A chirp is a signal where the frequency increases (up-chirp) or decreases (down-chirp) with time, (also known as a frequency sweep).

• Coherent Processing of Up/Down Linear Frequency Modulated Chirps - Sandia National Lab

Linear Frequency Modulated (LFM) Chirp

In LFM chirp, the instantaneous frequency, $f(t)$ (in Hz), varies linearly with time:

$$f(t) = ct + f_{0}$$

where $f_{0}$ is the starting frequency (Hz), and $c$ is the constant chirp rate given an end frequency $f_{1}$ (Hz) and the sweep time between frequencies $T$:

$$c = \frac{f_{1} - f_{0}}{T}$$

Since frequency is the derivative of phase (e.g. $\omega(t) = \frac{d\phi(t)}{dt}$), and frequency is linearly changing (increasing or decreasing), it is expected that phase changes quadratic over time, as shown by:

$$\phi(t) = \phi_{0} + 2\pi \int^{t}_{0}f(\tau)d\tau \rightarrow \phi_{0} + 2\pi \int^{t}_{0}(c\tau + f_{0})d\tau$$ $$\therefore \phi(t) = \phi_{0} + 2\pi \left( \frac{c}{2}t^{2} + f_{0}t \right)$$

The corresponding time-domain output is simply the $\sin()$ of this phase function, or $e^{j\phi(t)}$ for complex output.

f_start = 10e3
f_end = 40e3
fs = 100e3
num_samples = 10000

lfm_chirp_sig = sig_gen.cmplx_dt_lfm_chirp(1, f_start, f_end, fs, num_samples)
freq, y_PSD = measurements.PSD(lfm_chirp_sig, fs, norm=True)
plot.freq_sig(freq, y_PSD, "LFM Chirp Spectrum", scale_noise=True)
plt.show()

Phase Shift-Keying (PSK)

Phase-shift keying- Wikipedia

Binary Phase-Shift Keying (BPSK)

Quadrature Phase-Shift Keying (QPSK)

Direct Sequence Spread Spectrum (DSSS)

DSSS spreads baseband signal energy over a wider spectral bandwidth using a spreading sequence. Receivers operate by cross-correlating the known, shared spreading sequence to despread the received DSSS signal.

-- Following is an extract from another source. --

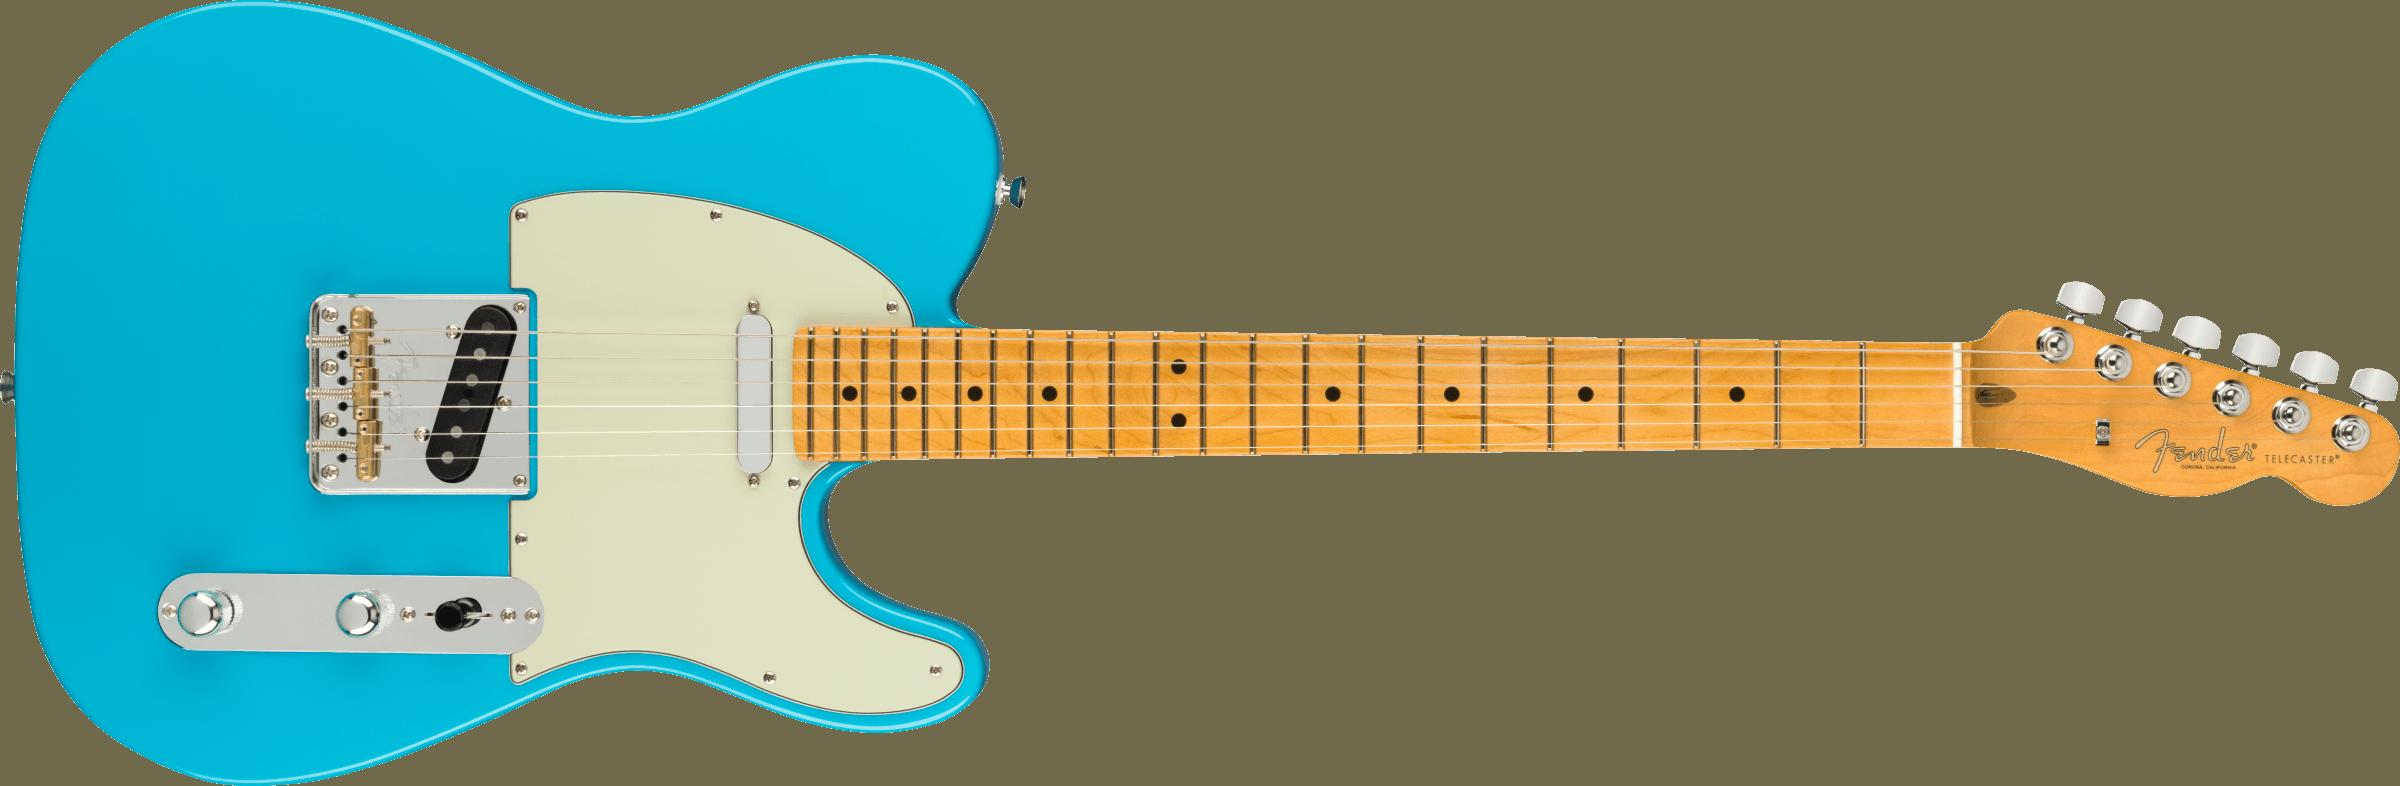 FENDER-American-Professional-II-Telecaster-Maple-Fingerboard-Miami-Blue-sku-571005548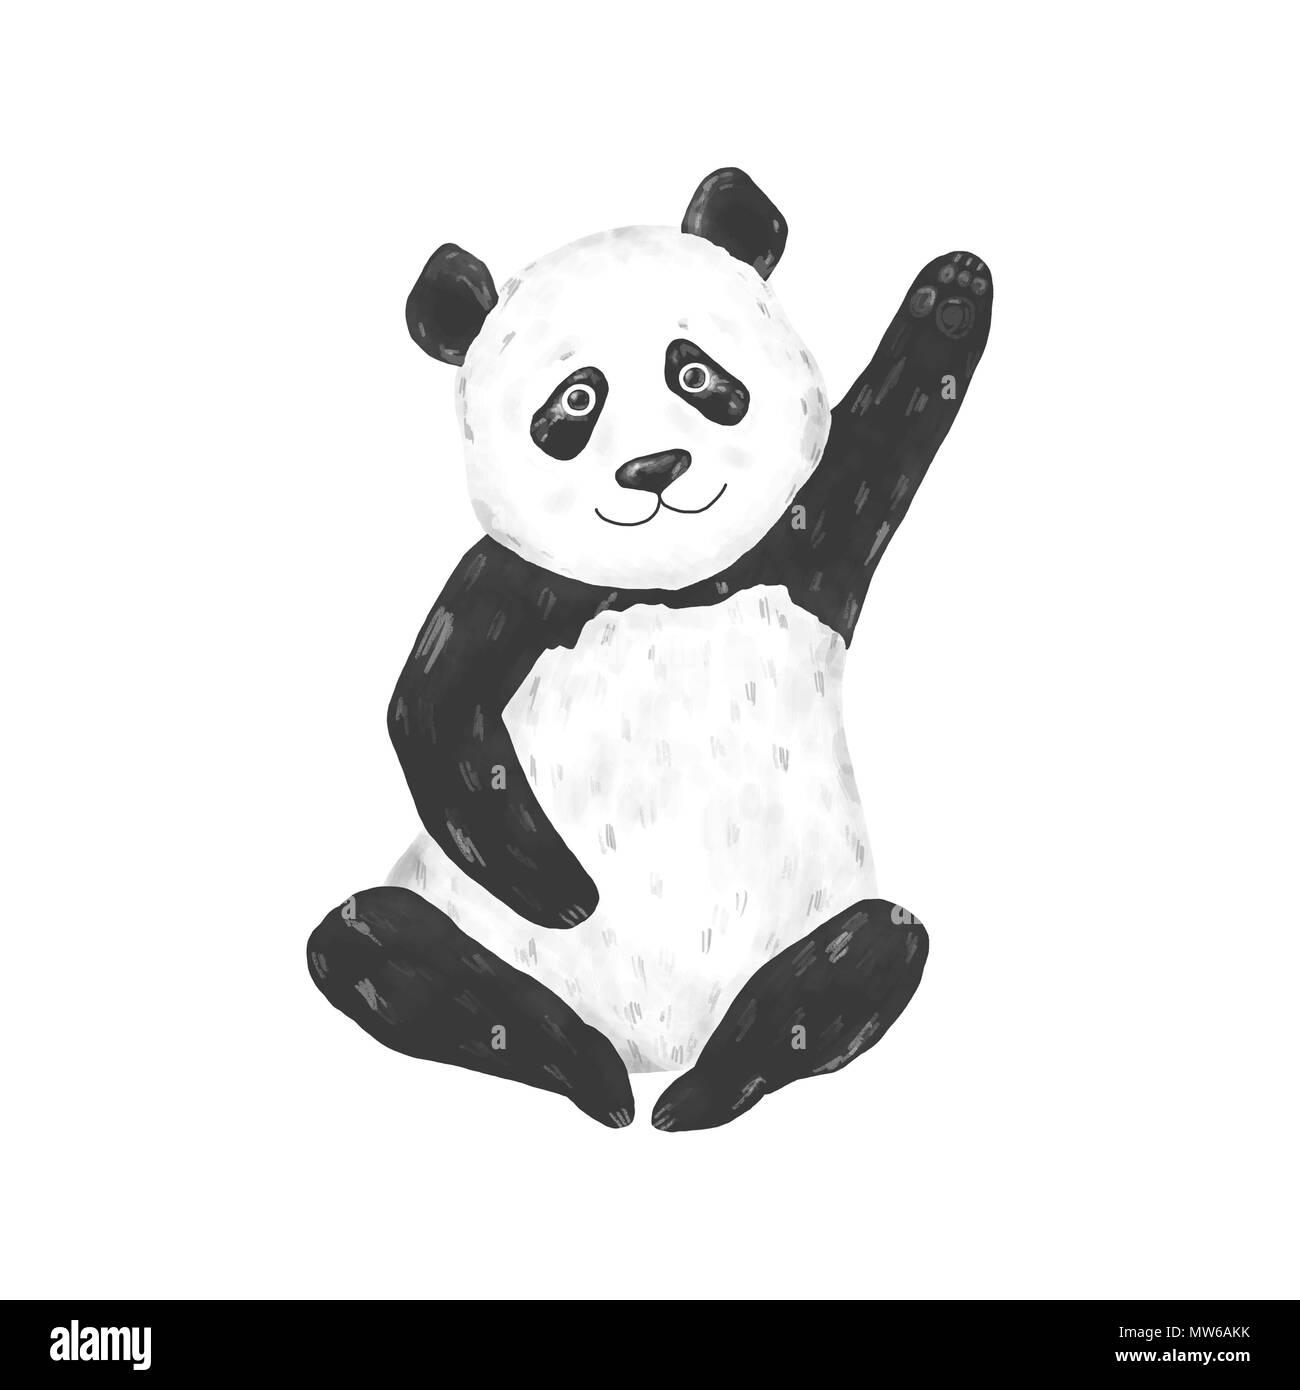 Panda Clip Art Drawing Animal Black Bear Character Funny Illustration On White Background Stock Photo Alamy

Given an input bit rate or $R_{b}$ bits/sec, an $N$ bit spreading sequence/code produces an output chip rate $R_{c} = N \times R_{b}$. The length of the spreading code is also known as the Spreading Factor (SF), also equal to $\frac{R_{c}}{R_{b}}$.

The signal spreading process also spreads any interference and noise across the entire bandwidth, effectively reducing its power relative to the main signal. We can calculate the processing gain of a spread spectrum signal with:

$$P_{dB} = 10\log_{10}(N)$$

Spreading provides benefits such as:

• Code-Division Multiple Access (CDMA): where multiple users can reuse the same frequency band at the same time by using different spreading codes.
• Jamming/interference resistance due to processing gain as well as spread bandwidth.
  • For example a jammer would have to jam the entire spread bandwidth or narrowband interference could be removed via notch filtering without much loss of information (especially if coding/forward-error-correction is used on the data).
  • Similar resistance to nominal channel fading exists since only a small portion of the signal will undergo fading at a given time.
• Below-noise-floor signal reception for either low signal detection or low power usage like in GPS
• Timing or ranging information between transmitter and receiver due to coherent correlation processes.
• Resistant to multipath interference due to delayed versions of the spread signal having poor correlation with the main spread signal(as long as the multipath channel induces at least one chip of delay).
• Depending on acquisition design of a receiver, can handle extremely high Doppler shifts.

barker_bits = np.array([1, 0, 1, 1, 0, 1, 1, 1, 0, 0, 0]) # 11-bit barker code
# NRZL encoding [1/0 -> +1/-1]
barker_nrz= 2 * barker_bits - 1

plot.bits(barker_nrz, "11-bit Barker Code")
plt.show()

data_bits = [1, 0, 1]
plot.bits(data_bits)
plt.show()

# Interpolate/upsample each bit by length of spread sequence
data_spread = np.repeat(data_bits, len(barker_bits))

plot.bits(data_spread)
plt.show()
print(len(data_spread))

33

for i in range(len(data_spread)):
    data_spread[i] ^= barker_bits[i % len(barker_bits)]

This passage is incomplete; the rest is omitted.